Review - Teenage Dick at the Donmar Warehouse
In October, the Trafalgar Studios hosted a West End revival of the late Peter Nicols's play 1967 play A Day in the Death of Joe Egg that revolves around a married couple caring for their severely disabled daughter. The production broke new ground by the casting of Storme Toolis, who herself has cerebral palsy, in the title role. As I wrote in my review: "It puts the disability at the centre of the play in plain sight, and we can't look away. Nor, watching this finely-tuned production, would we want to."

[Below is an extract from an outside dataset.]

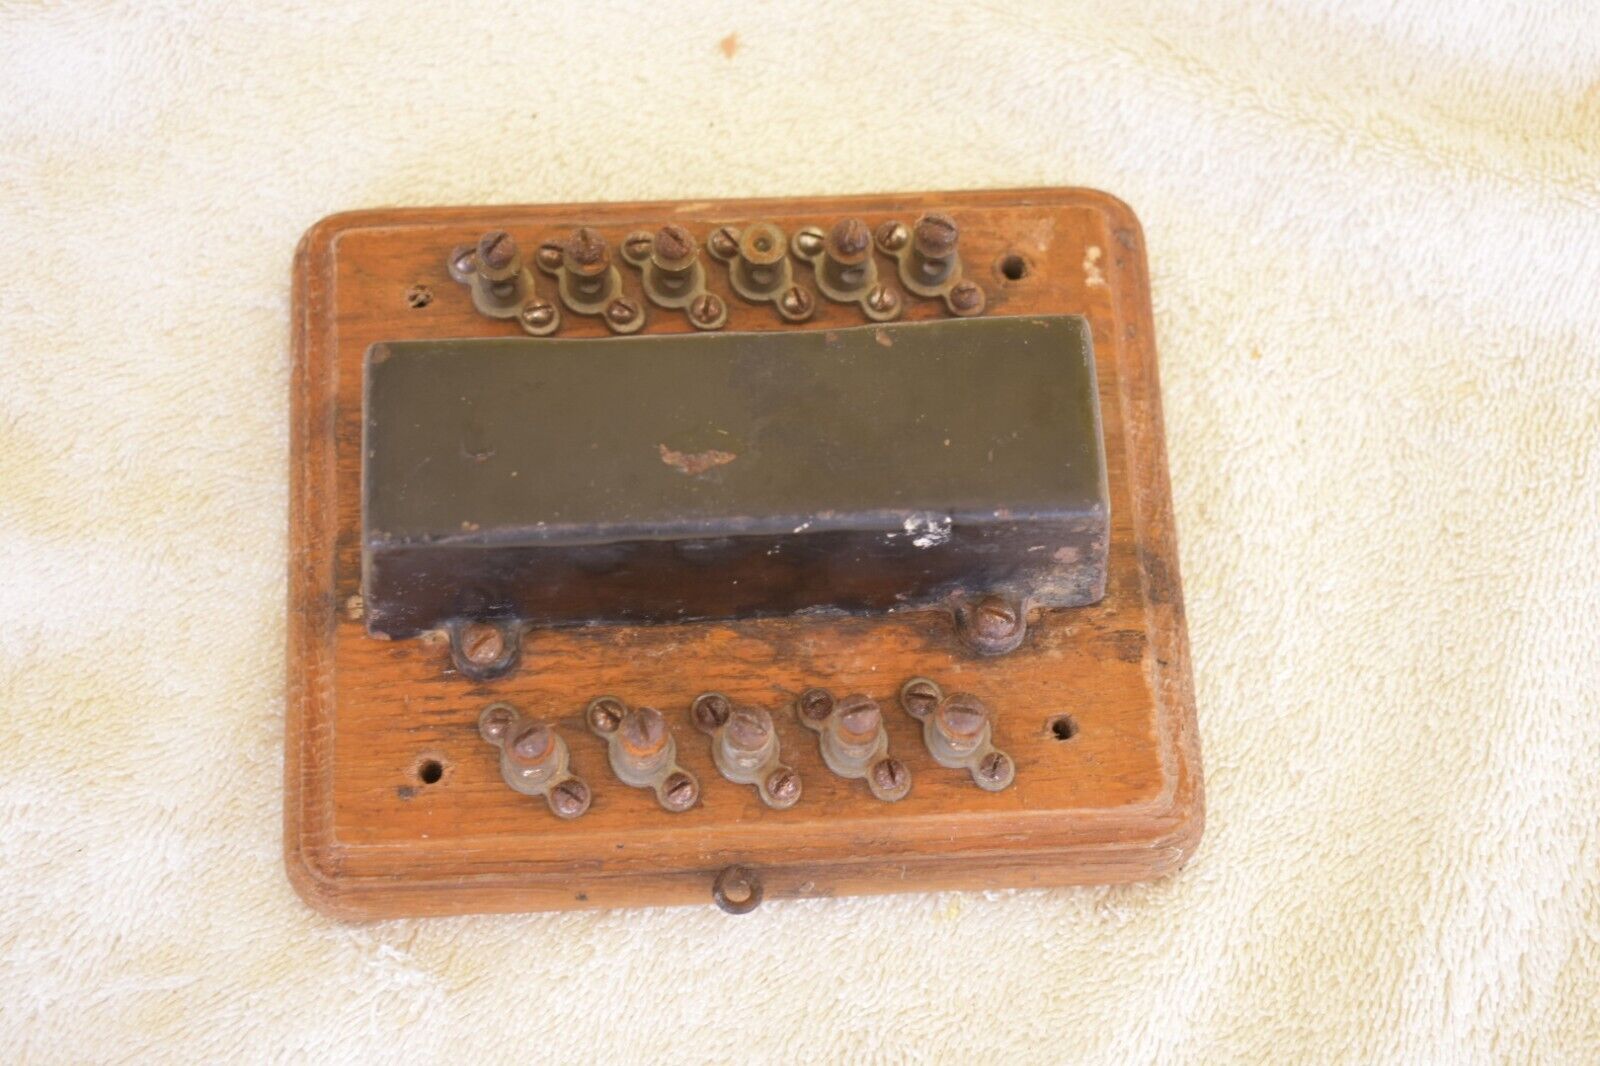 Wood Block and Coil with 11 terminals for Candlestick Telephone

And affirming that theatre is no longer just a question of what stories get told but who gets to tell them now is the London premiere of Teenage Dick, which premiered last year at New York's Public Theatre, in which playwright Mike Lew specifies in the published script, "Cast disabled actors for Richard and Buck. They exist and they're out there... In no case should able-bodied actors 'play' disabled."
In the New York production, the title character was originated by an actor who, like the one in the recent production of Joe Egg, has cerebral palsy. In London, he is being played now by a young London-based Australian actor called Daniel Monks who has hemiplegia. And it matters, not just because of the question of opportunities being newly afforded to disabled actors, but also because the play is about outsider status and classroom bullying which become amplified when the stakes are palpably increased.
It may be refreshing, as it is currently on Broadway, for a disabled actor to be playing a non-disabled role as Ali Stroker is proving so gloriously as Ado Annie in the current production of Oklahoma!, achieving her mobility via a wheelchair that allows her to engage in intricate choreography. But, this play provokes an even more urgent and specific conversation around visibility for both the actors and the characters they are playing, with Monks joined by the wheelchair-bound Ruth Madeley as 'Buck' Buckingham.
Given that the play is an energetic, youthful riff on the themes of Shakespeare's Richard III - relocated to a contemporary American high school gym, where Richard is running for high school president - it also burrows deep into questions of ambition, school politics and dating, and the influences of social media inside and outside the classroom. It reminded me, in part, of a non-musical Dear Evan Hansen.
I was immensely relieved that, despite its cheeky, teasing title, this was nothing like the search criteria someone might enter on Pornhub, but a challenging play that asks urgent questions and, in Mike Longhurst's intimate and engrossing production, provides a lot of food for thought.
Teenage Dick is at the Donmar Warehouse to 1st February 2020.